Pre-match photo Dynamic Stars (can't remember who they were playing either) |
Blue and white stripes are the colours of Giske FC, the only football team on the small archipelago island of the same name twenty miles or so from the mainland, Norway, and across the exciting looking outcrops of grey that hang out west from the coast on the google map, like big clumsy troll fingers turned to stone, or the tendril like fjords, running blue between them, seeking shelter further inland from some north wind on the westerly coast of the country, where it meets the Norwegian Sea, or in the photograph below. It's a small place with a lot of fisherman/fish and the football club ground is, unsurprisingly, near the sea. The ball keeps going in the water.
Giske |
I have a friend from the island (whose not a fisherman but I think her granddad was) and she asked the local team if they had anything to give towards GoalZambia's work in southern Africa. They gave the shirts. They gave equipment; balls, pumps, goal keepers jerseys and plastic cones to run around and more. That's the kind of kit the academy needs (apart from football boots - everybody dreams of a pair of boots but very few have them, even a crap pair. If there are any they are shared around the team. but they rarely fit and literally fall apart before your eyes during a match. Most kids just get on with playing barefooted because they can't wait around for a dream or a pair of boots, whether they fit or not, when the biggest matches in the world come round thick and fast each week). My friend brought them over to London on one of her visits and we got them over to Zambia thereafter. The team had a whip round at the full time whistle of one of their home league matches, raising and donating £350. I don't know who they were playing and what the boat they came on looked like but it doesn't really matter. Other people and organisations did a similar thing to Giske FC and i'll be posting some of their photographs as and when I do. The blue and white stripes were a winner though, there was no doubt.

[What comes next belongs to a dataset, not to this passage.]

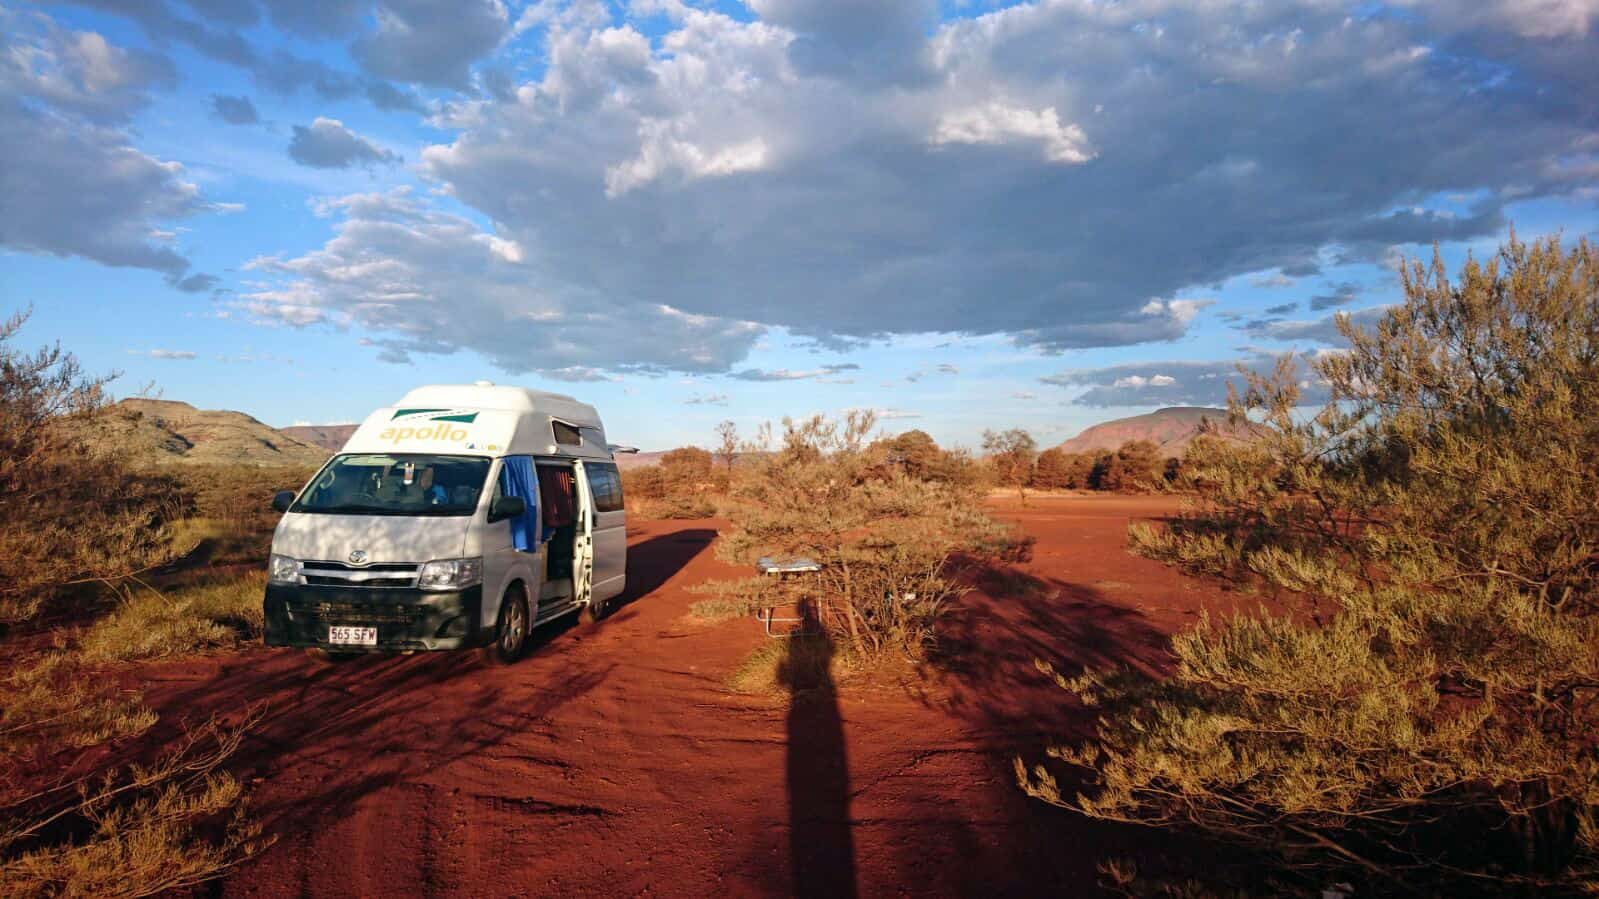 Fantastische outback ervaring

It was difficult to explain to the lads and lasses in the academy where these shirts came from when they put them on although I didn't stop trying. There is not a sea in Zambia and most of the lives of the members have been spent in the compound or those like it, or in their family tribal villages. The lucky ones may have been on a school trip years ago to the Victoria Falls and Livingstone. They don't really remember it that well and seem relatively less impressed than what the travel brochures say. They raised their eyes at me, listening politely, then slightly bemused, when I told them i'd seen my first elephant, like you would in this country to someone who told you they'd just seen their first small cat, mainly, and perhaps simply, because that doesn't happen all that much (something like that anyway). It was hard for them to imagine, I suppose, but they invariably liked the photo of the small island with a lot of fisherman in the middle of the Norwegian Sea and laughed wonderingly at how the inhabitants got there. Zambia is not a seafaring nation.
Giske away |
And now I sometimes think about Giske and wonder how it is there and the fisherman and trolls and the football pitch by the sea, even though I have never been. And the boats and the team. I would like to go there one day and watch them play.